Starting with the line in which "Download YouTube Revanced App" appears, give back every line exactly as written until the listing ends, excluding pictures.

== DATA SECTION ==

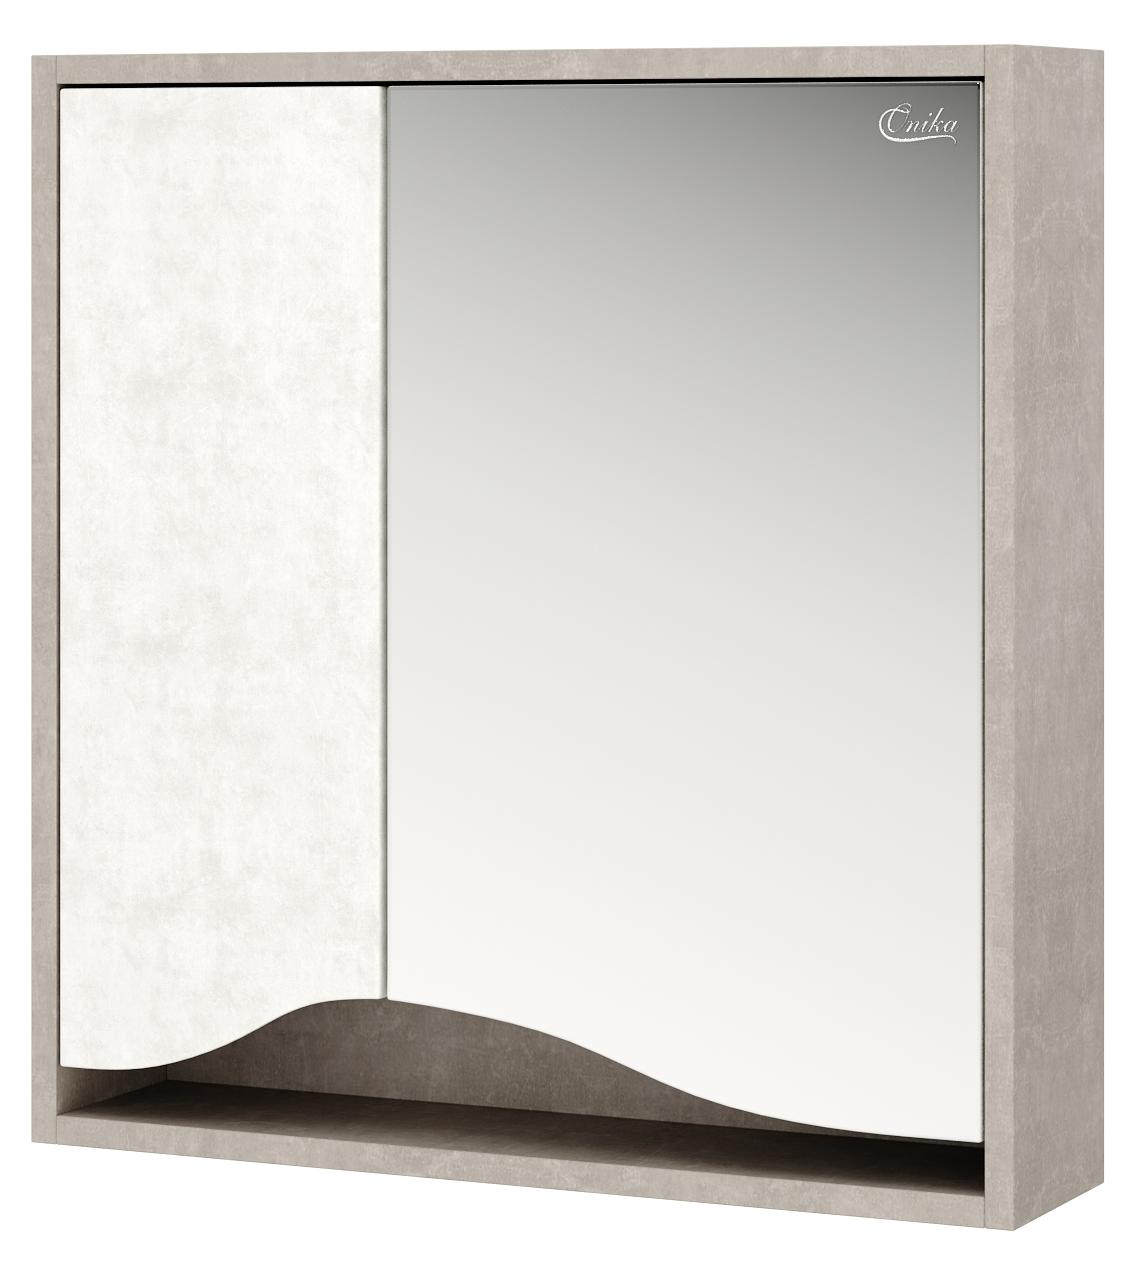 Зеркальный шкаф Onika Брендон 60 см бетон крем/светлый камень, 206084
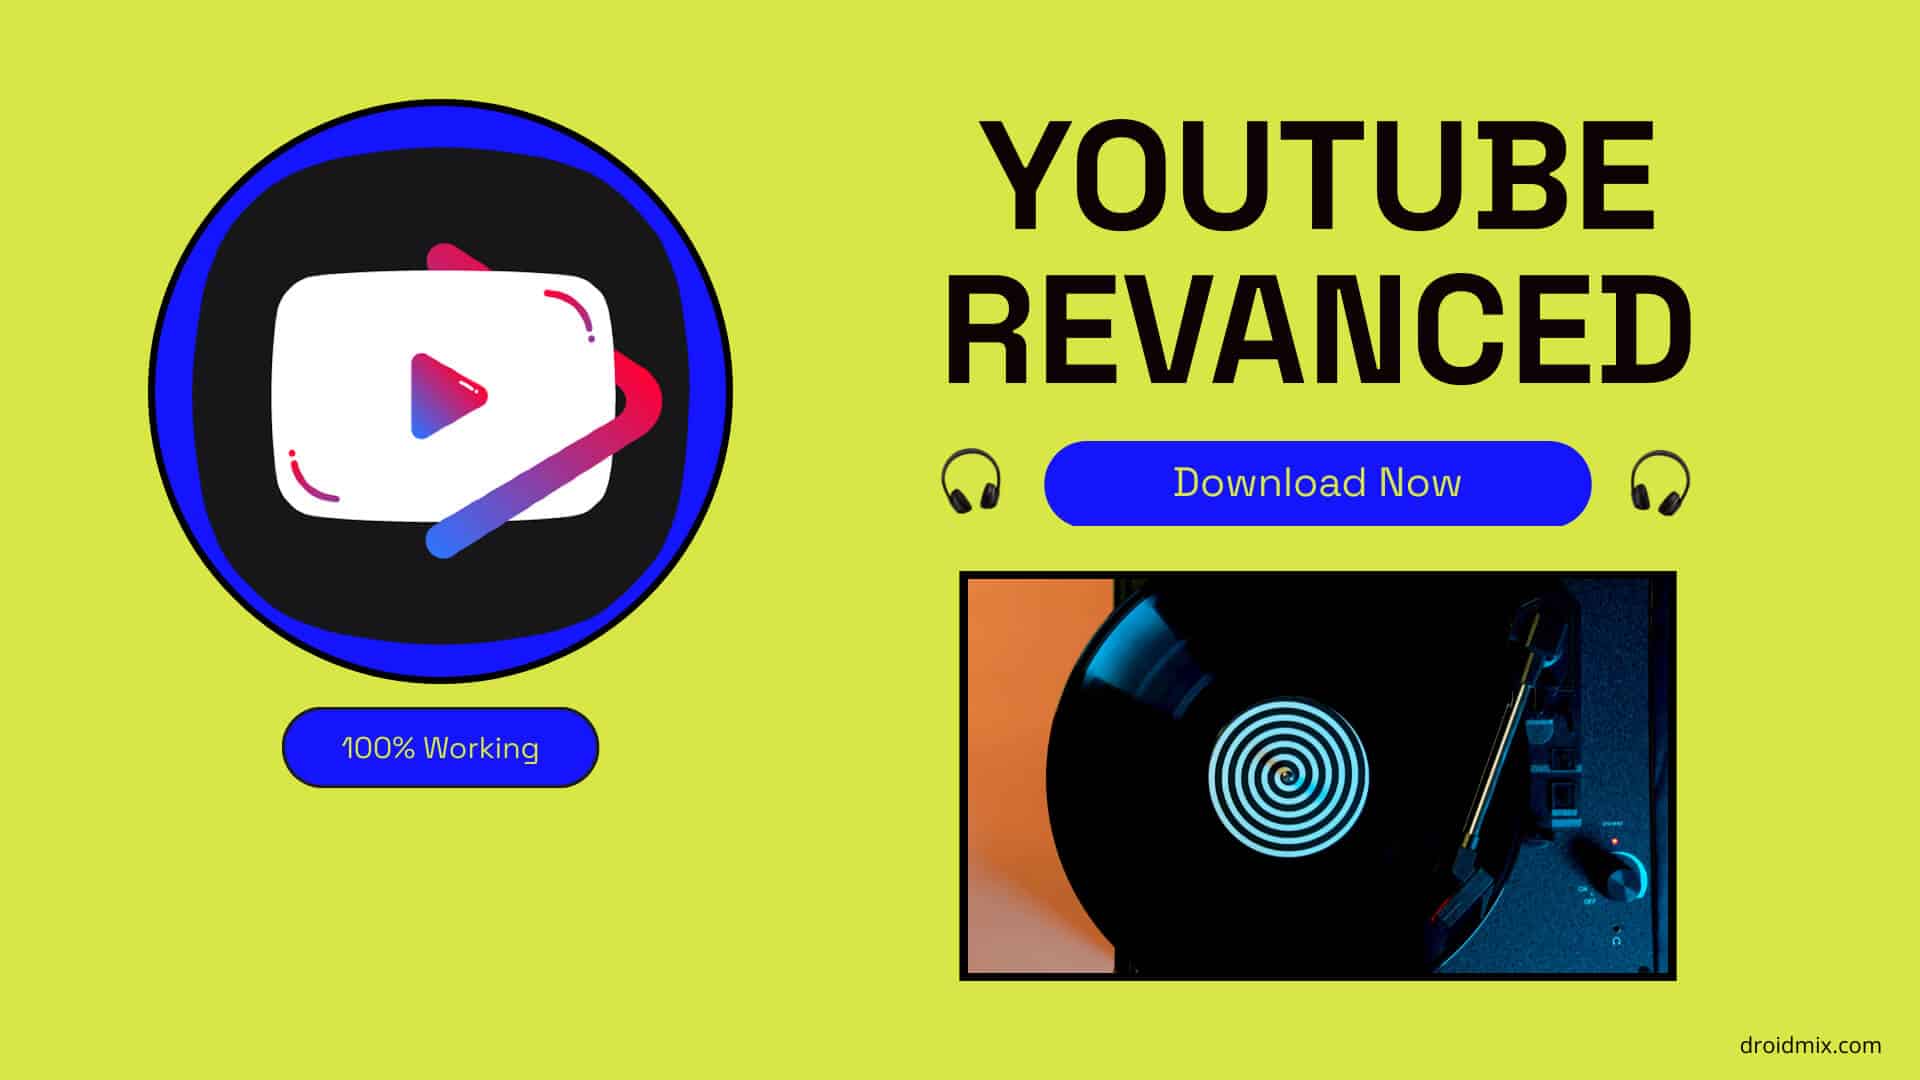 Download YouTube Revanced App
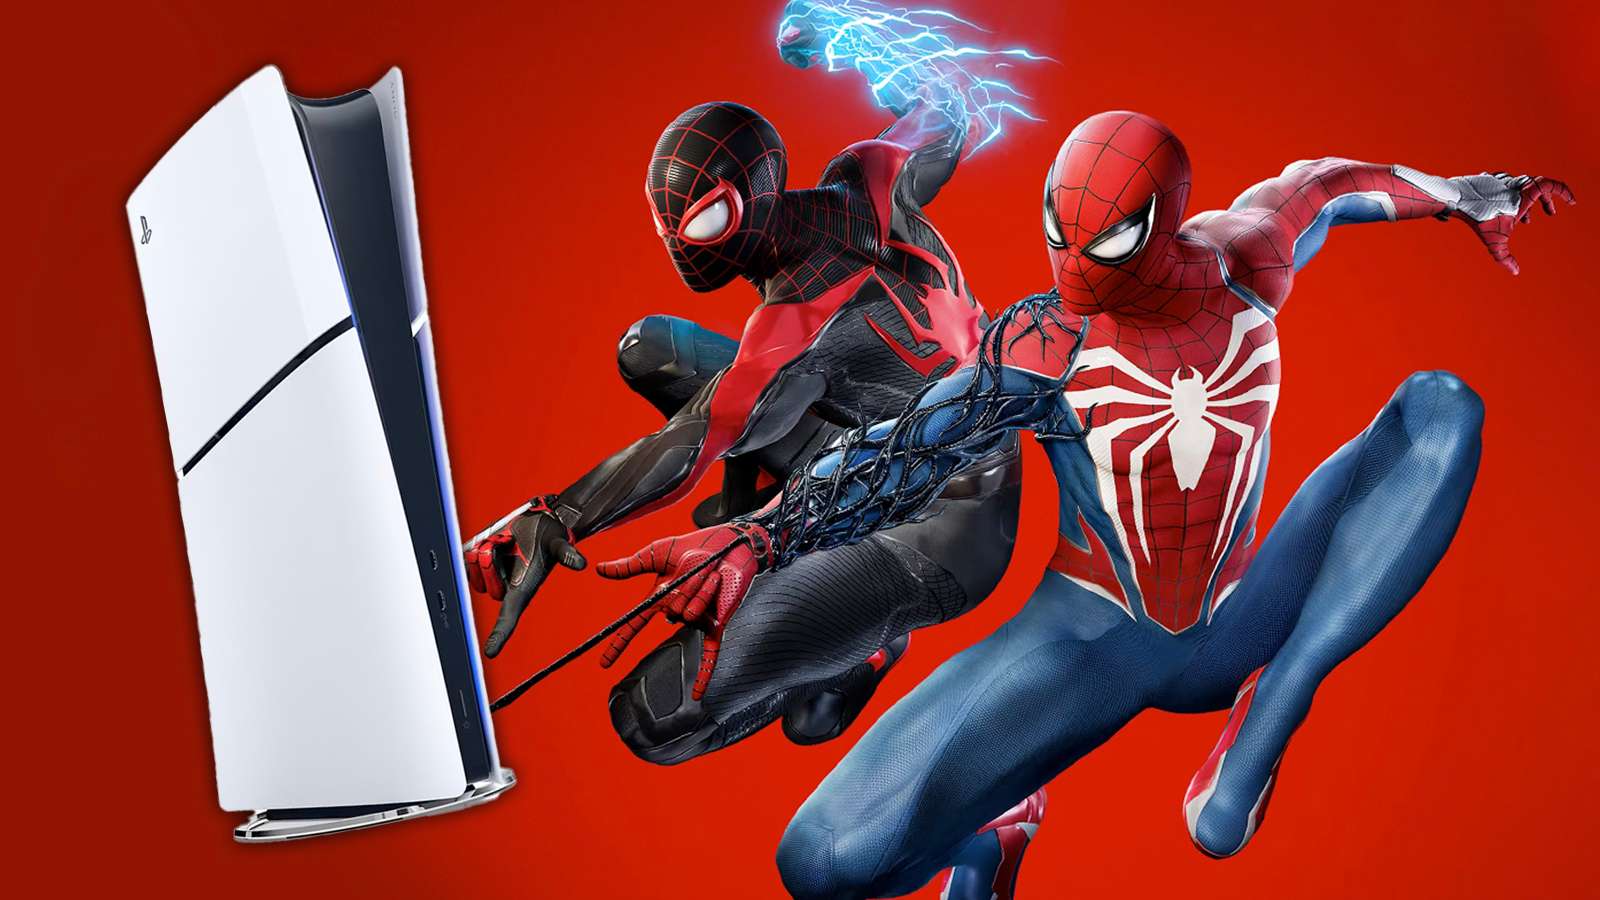 PS5 Slim Digital next to Spider-Man 2 figures

===

[RESPONSE]
 Download YouTube Revanced App
 PS5 Slim Digital next to Spider-Man 2 figures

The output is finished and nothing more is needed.